The next week, when the smaller one, the talker, came by to swap his books and slide Morse a few extra dollars, he made a show of considering his choices. “No, not the Lawrence,” he said. “And not the Ramirez. And definitely not the Railey. A man’s got to have
some
scruples. How about that one?” and he reached for the diary of miniature love letters.

Morse surprised himself with the force of his objection. “No! Not that one.”

“MP!” The smaller one shook his head. “I’m ashamed of you. A businessman never gets attached to his own merchandise. That’s the first rule of success: sure, fine, love the product, whatever—but love the
sale
more. I thought I taught you that.”

“Sure, fine, whatever.” Morse slipped the book into his coat. “Not that one.”

The smaller one’s hand cuffed Morse’s shoulder. “Hey, I’m just screwing with you. Hell, give me the Railey. It doesn’t make any difference to me.”
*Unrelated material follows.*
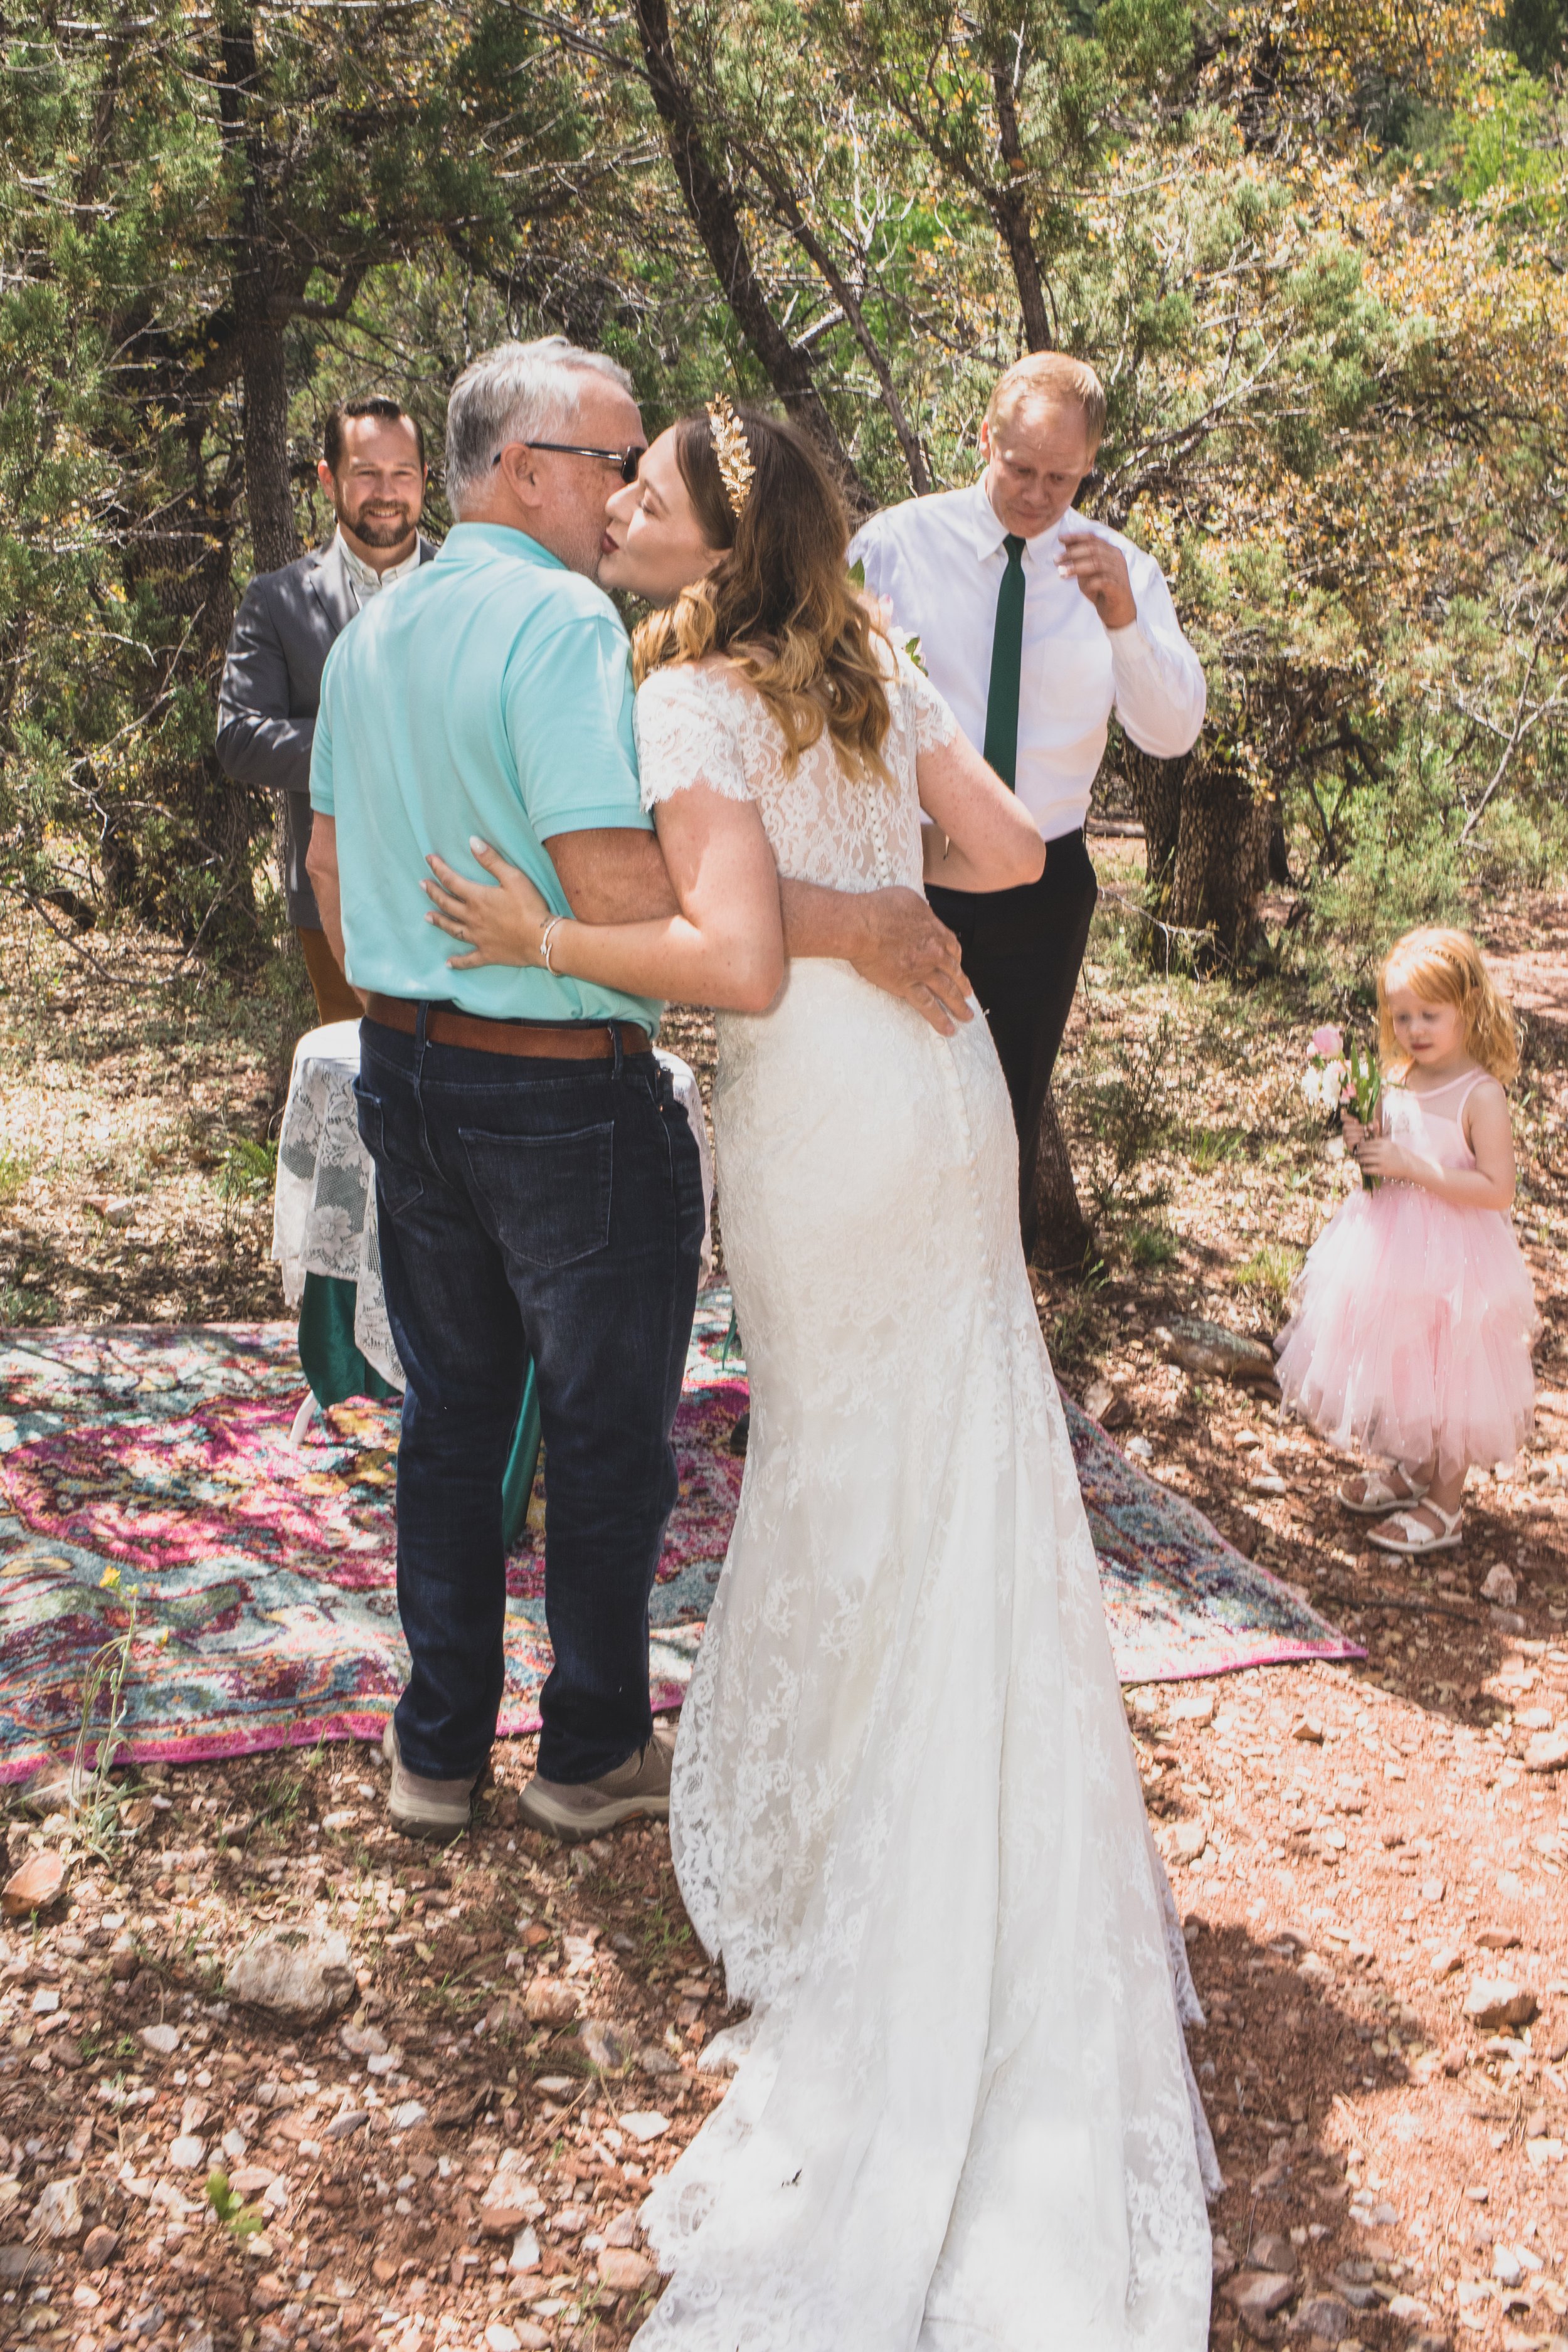 Groom looking at his Bride on their wedding day at their high noon desert elopement in Payson, Arizona by Arizona Elopement Photographer Jennifer Lind Schutsky.

That afternoon, when it began to sprinkle, Morse rolled a sheet of Visqueen over his books. The diary seemed to broadcast its message straight through the plastic,
I love you, I love you, I love you, I love you
, pulsing like a beacon. All around him people were braking their cars or ducking into buildings, zipping their jackets or opening their umbrellas. He fixed his mind on the pretty one standing under the awning of the jewelry store and
thought,
I love your green dress and your loneliness and your matching green shoes
. He turned to the one who was limping into the subway station and thought,
I love how you have a foot cramp and you keep saying “Stop it, stop it, stop it” to yourself
. He watched the one carrying the grape cluster of plastic bags and thought,
I love it that you’re walking down the sidewalk and now you’ve turned the corner and I can’t see you anymore because you’re gone
. He had expected it to be effortless, expected his love to ease right out of him, as gently and clearly as notes from a piano, but soon enough he realized it was impossible. It couldn’t be done, or at least he couldn’t do it. He did not love anyone, he only understood them, and who in this world would choose understanding over love?